[[ EXERCISE DATA open ]]

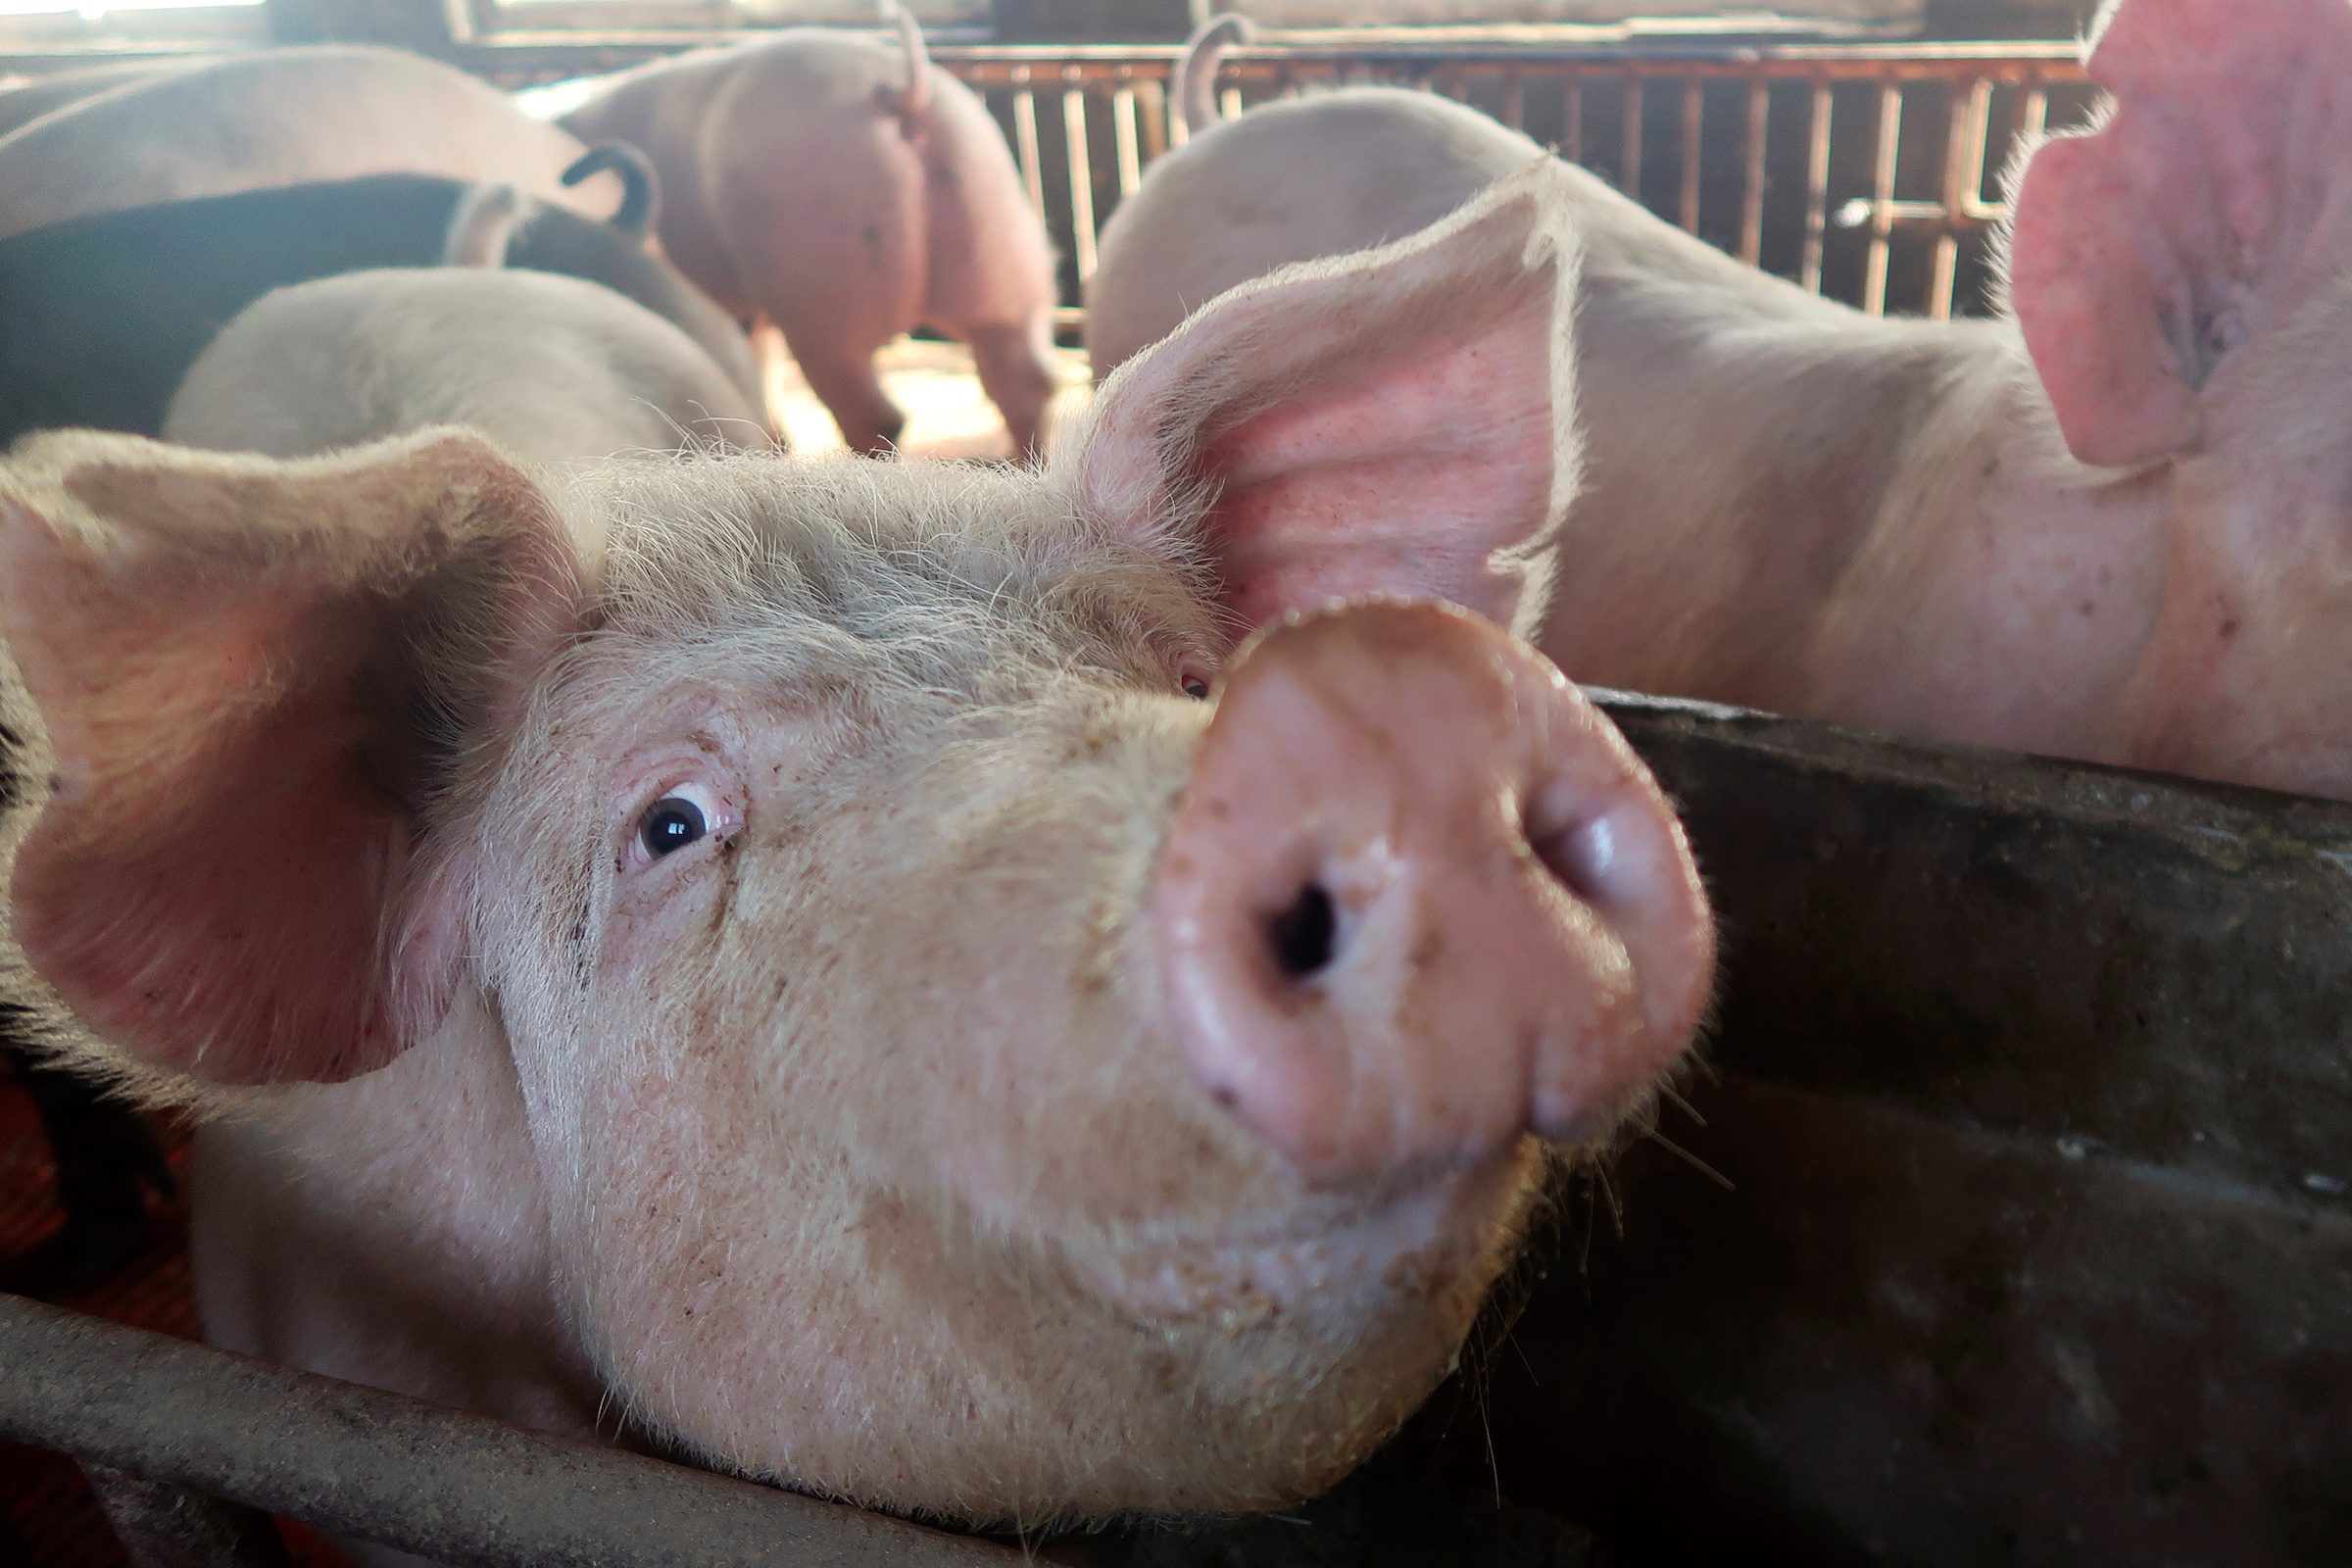 Organ decay halted, cell function restored in pigs after death – study
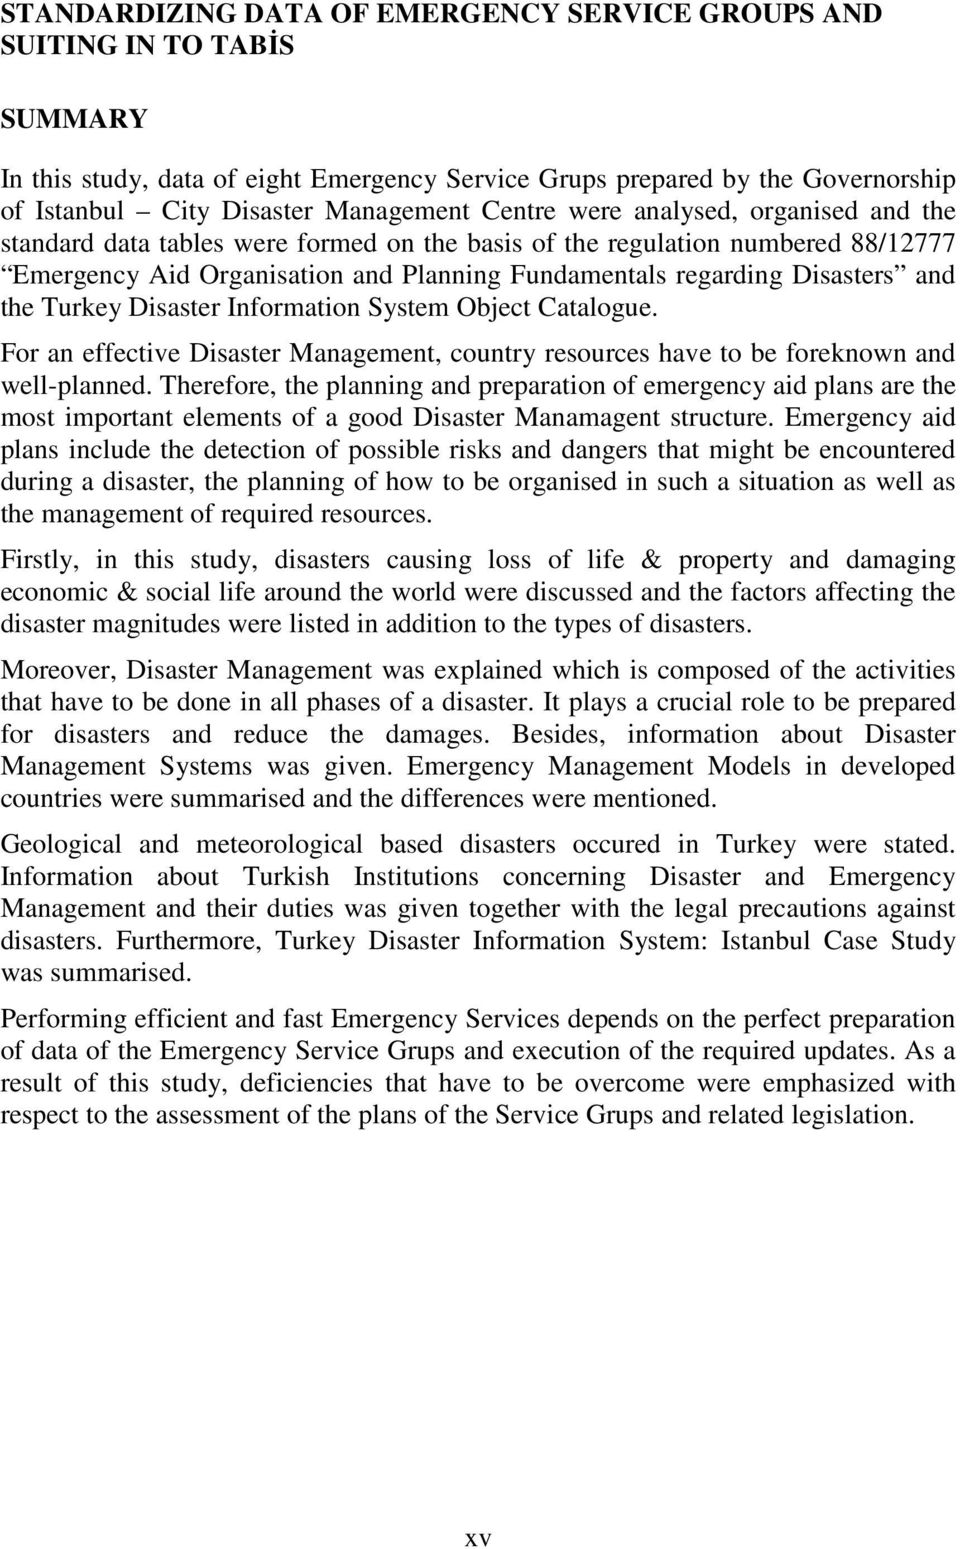 the Turkey Disaster Information System Object Catalogue. For an effective Disaster Management, country resources have to be foreknown and well-planned.
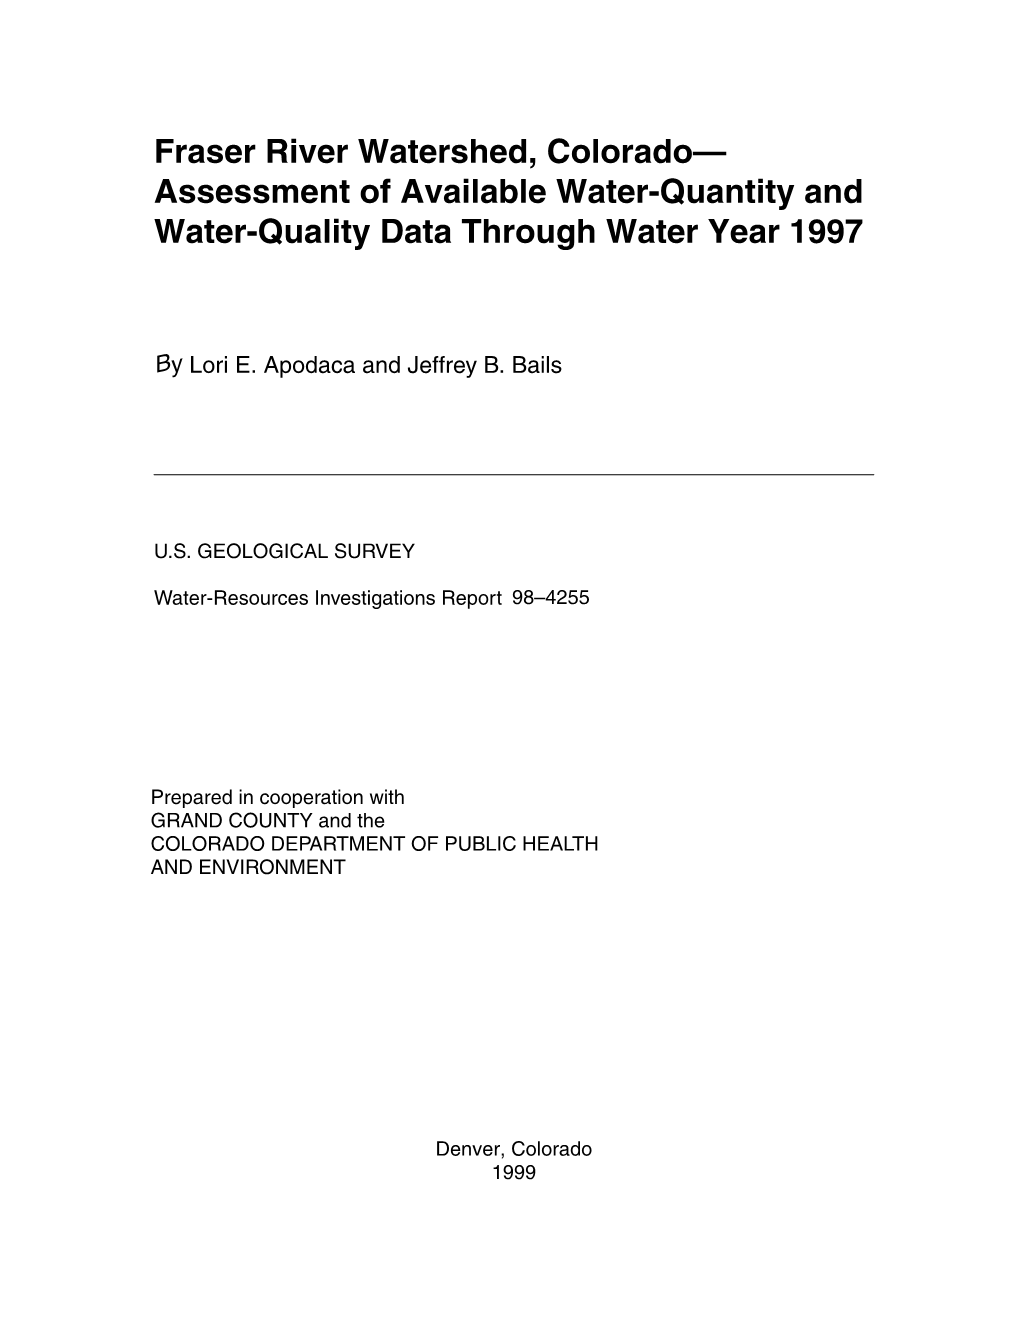 Fraser River Watershed, Colorado— Assessment of Available Water-Quantity and Water-Quality Data Through Water Year 1997
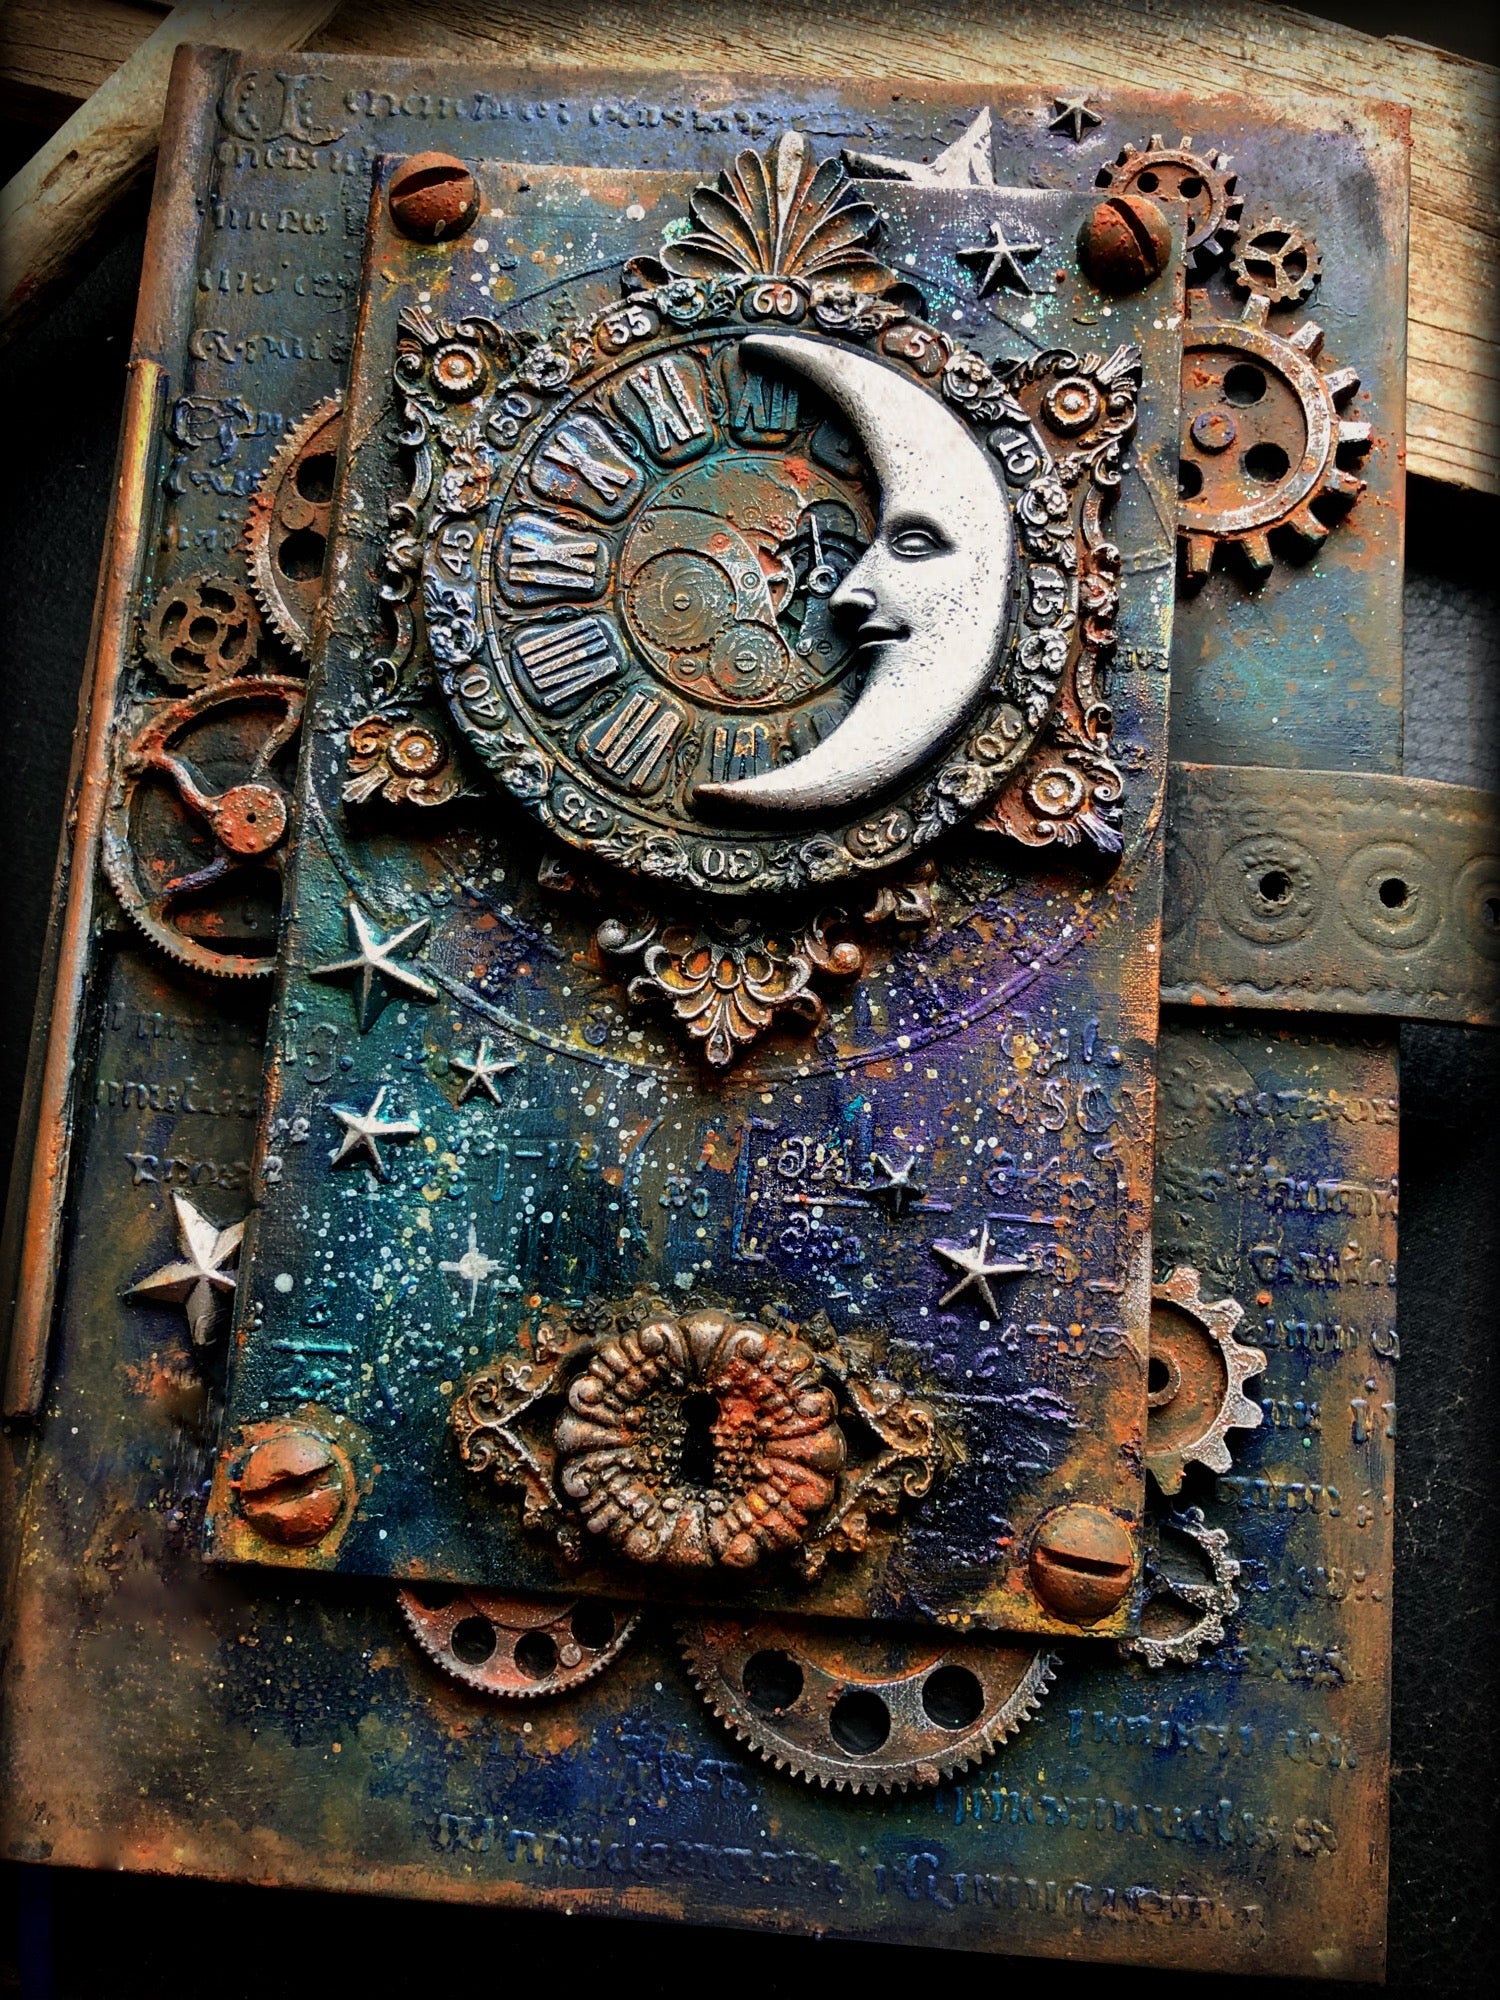 Grimoire /spell book class by LOUISE CROSBIE

[[ EXERCISE DATA closed ]]

Could you retype each line of the material above exactly, skipping the pictures?

 Organ decay halted, cell function restored in pigs after death – study
 the Turkey Disaster Information System Object Catalogue. For an effective Disaster Management, country resources have to be foreknown and well-planned.
 Fraser River Watershed, Colorado— Assessment of Available Water-Quantity and Water-Quality Data Through Water Year 1997
 Grimoire /spell book class by LOUISE CROSBIE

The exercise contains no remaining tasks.